Modification de la soumission

[41]  Le Tribunal est convaincu qu’il n’y a pas eu modification de la soumission lors de la réévaluation.

[42]  Le deuxième RIF révèle que l’équipe chargée de la réévaluation a consulté les procédures normalisées des sociétés de classification quant à la puissance de traction afin de confirmer que les dispositifs consommateurs d’énergie entraînés par moteur avaient été pris en compte. Pour ce motif, Heiltsuk Horizon soutient que le fait de chercher activement à obtenir de nouveaux renseignements de tiers équivaut à une modification inadmissible de la soumission de la part de TPSGC.

[43]  TPSGC fait valoir que les procédures des sociétés de classification quant à la puissance de traction ont été incorporées par renvoi aux soumissions afin de permettre aux évaluateurs de chercher des renseignements sur les procédures. TPSGC ajoute que la vérification des soumissions et les demandes de précisions étaient autorisées aux termes des instructions uniformisées intégrées à la DP, lesquelles instructions prévoient ce qui suit :

1. Lorsque le Canada évalue les soumissions, il peut, sans toutefois y être obligé, effectuer ce qui suit :

a. demander des précisions ou vérifier l’exactitude de certains renseignements ou de tous les renseignements fournis par les soumissionnaires relatifs à la demande de soumissions;

[…]

f. vérifier tous les renseignements fournis par les soumissionnaires en faisant des recherches indépendantes, en utilisant des ressources du gouvernement ou en communiquant avec des tiers; [16]

[44]  Selon le Tribunal, il était loisible à TPSGC de consulter les procédures des sociétés de classification quant à la puissance de traction.
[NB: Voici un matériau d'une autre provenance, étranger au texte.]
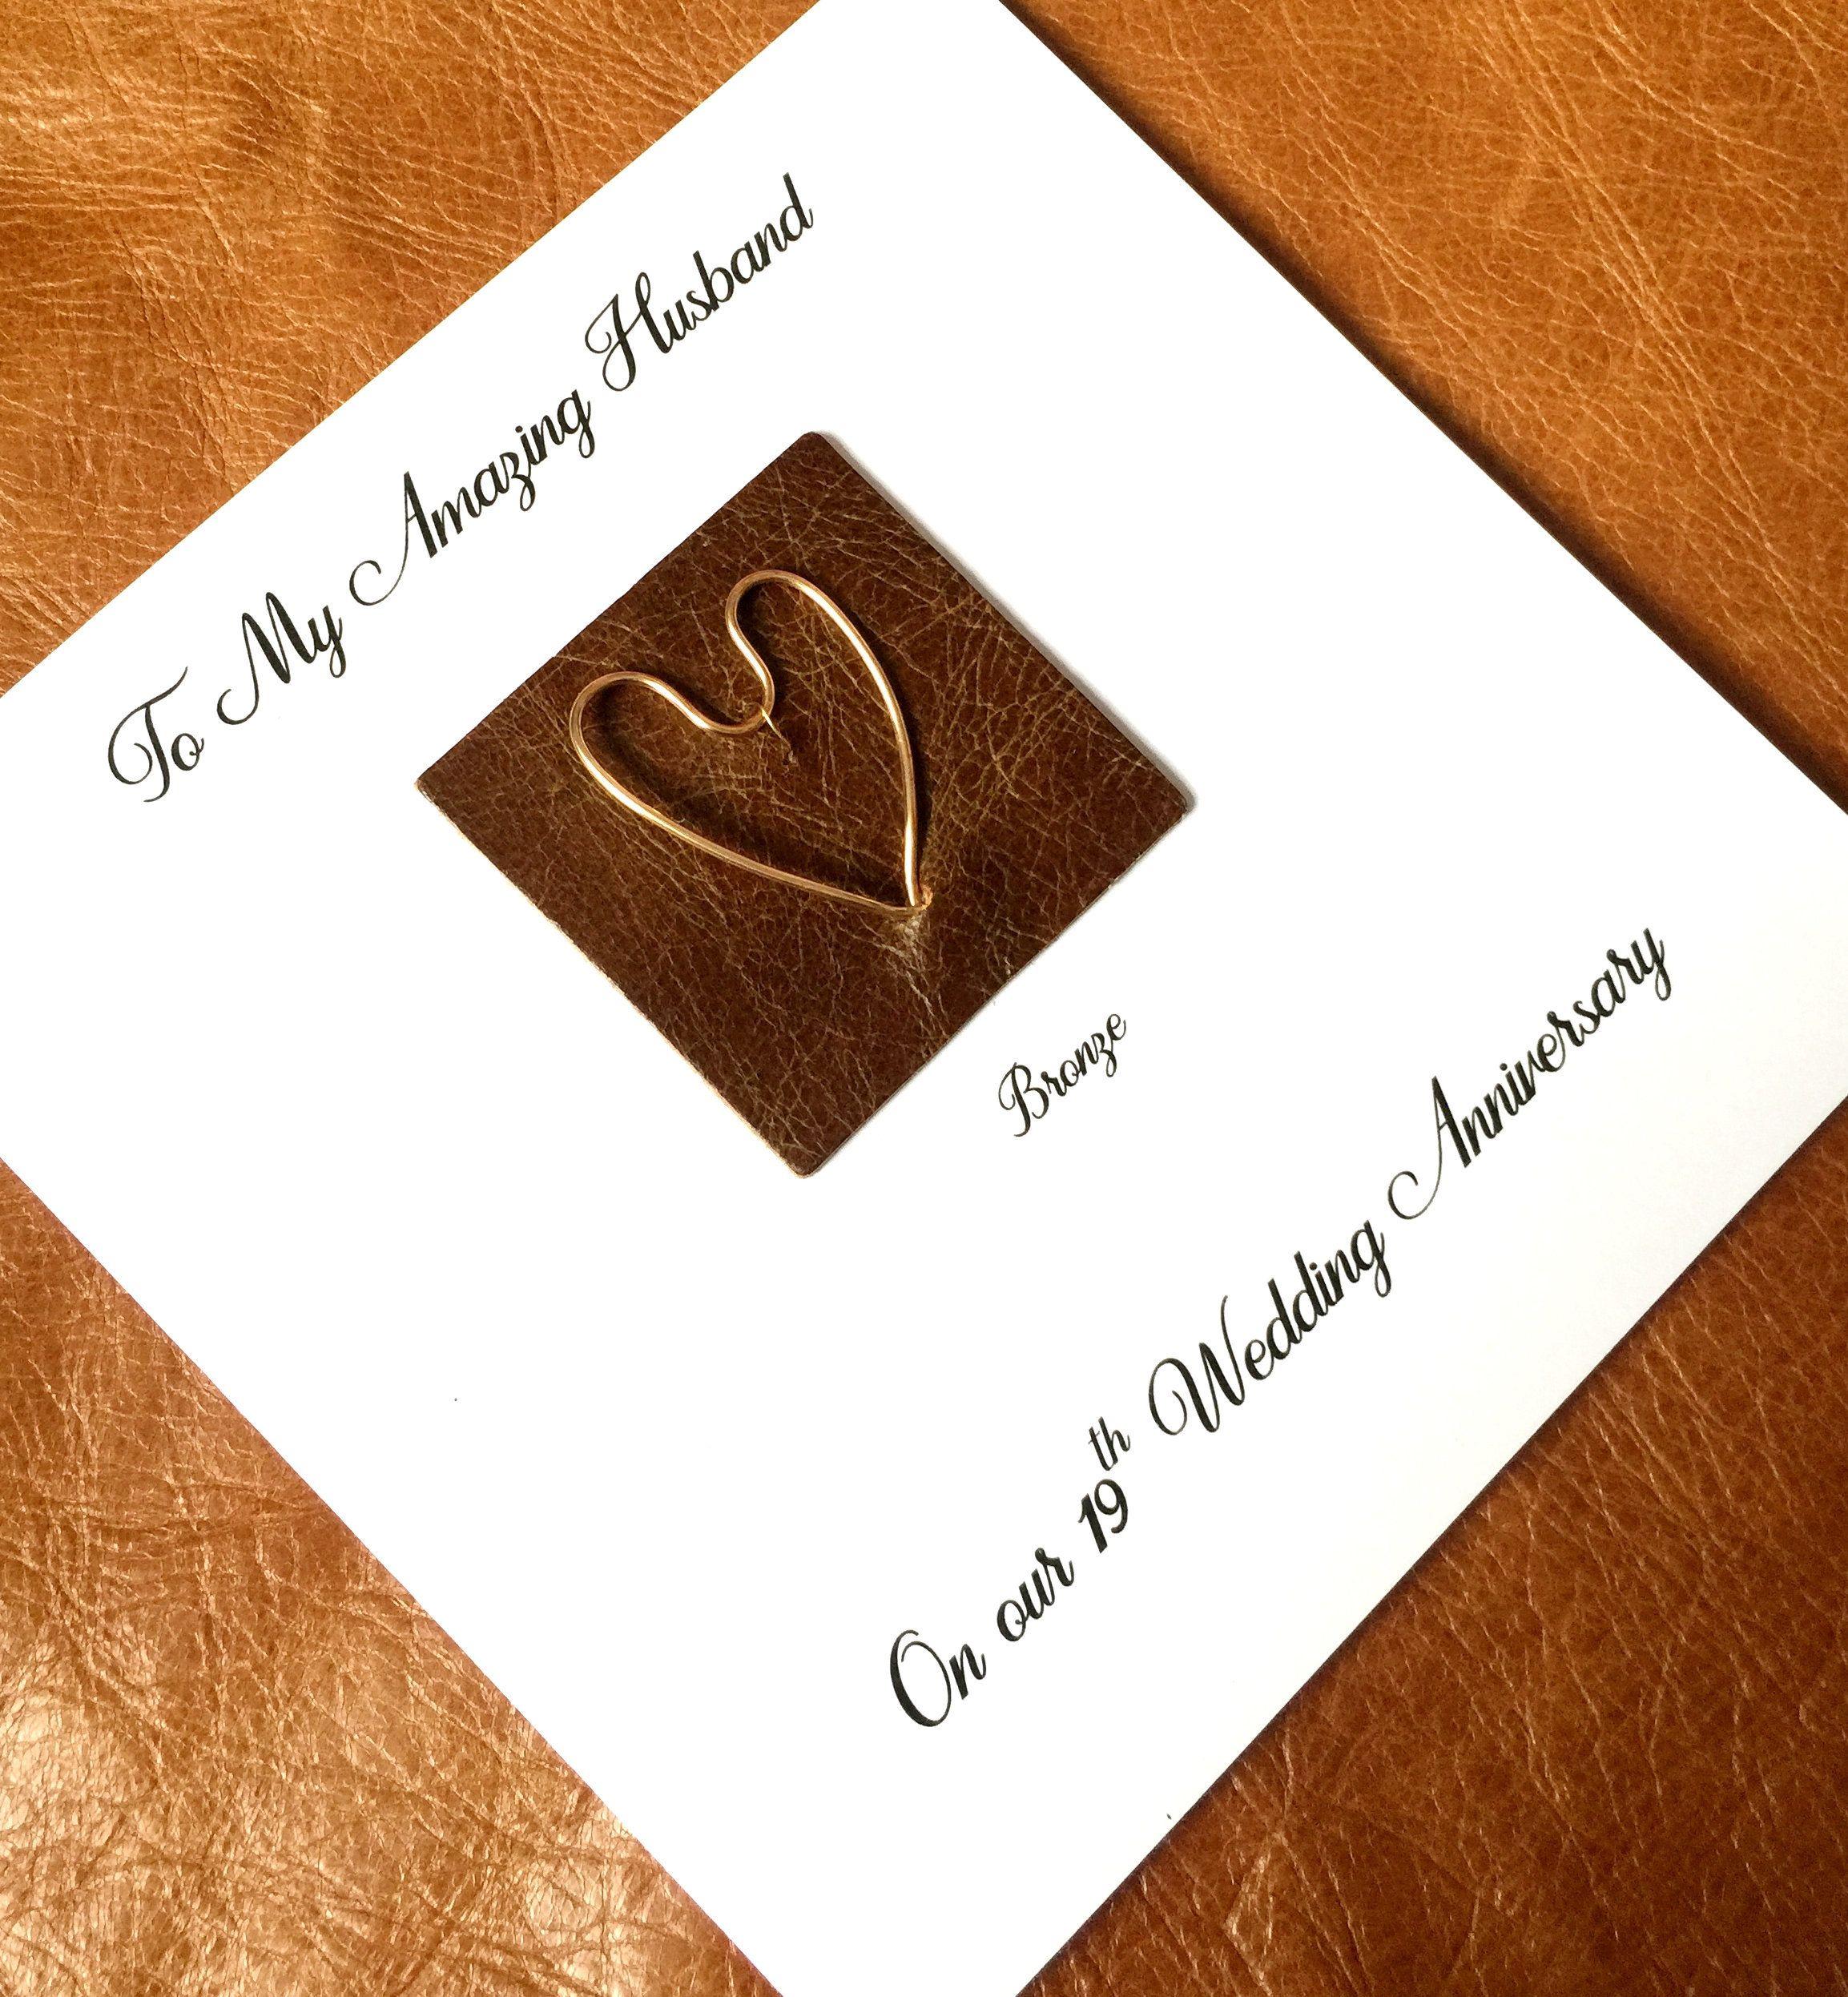 19th Wedding Anniversary Card Bronze Anniversary Card Handmade Uk Anniversary Cards Handmade Wedding Anniversary Cards Anniversary Cards

Les évaluateurs disposaient déjà des certificats de conformité de la puissance de traction fournis par les soumissionnaires. Par conséquent, le fait de consulter les procédures normalisées sur lesquelles reposent les certificats ne constituent rien de plus qu’une « vérification » au sens des instructions uniformisées précitées.

[45]  Le Tribunal ne relève aucune preuve de partialité ou de préjugé dans la manière dont TPSGC a vérifié les procédures quant à la puissance de traction. La vérification a été effectuée d’une manière uniforme, puisque l’équipe responsable de la réévaluation a consulté les procédures quant à la puissance de traction pour d’autres soumissions, pas seulement pour celle d’ATL. TPSGC et ATL affirment qu’aucun nouveau renseignement n’a été fourni par ATL au cours du processus de réévaluation [17] .

[46]  Comme TPSGC était autorisé à vérifier les renseignements contenus dans les soumissions, et comme les autres soumissionnaires n’ont subi aucun préjudice et n’ont pas été traités injustement dans le cadre du processus de vérification, le Tribunal conclut qu’il n’y a pas eu modification de la soumission de la part de TPSGC.

Interprétation de l’exigence obligatoire no 12

[47]  Il est bien établi que le Tribunal examine la procédure de passation des marchés publics selon la norme de la décision raisonnable, en accordant crédit à l’expertise des évaluateurs et en ne formulant des recommandations que lorsqu’une décision est déraisonnable. Comme le Tribunal l’a maintes fois répété, l’évaluation de la procédure de passation d’un marché « est déraisonnable lorsque les évaluateurs ne se sont pas appliqués à l’évaluation de la proposition d’un soumissionnaire, n’ont pas tenu compte de renseignements d’importance cruciale contenus dans une soumission, ont mal interprété la portée d’une exigence, ont fondé leur évaluation sur des critères non divulgués ou n’ont pas, d’une autre manière, procédé à une évaluation équitable sur le plan de la procédure » [18] .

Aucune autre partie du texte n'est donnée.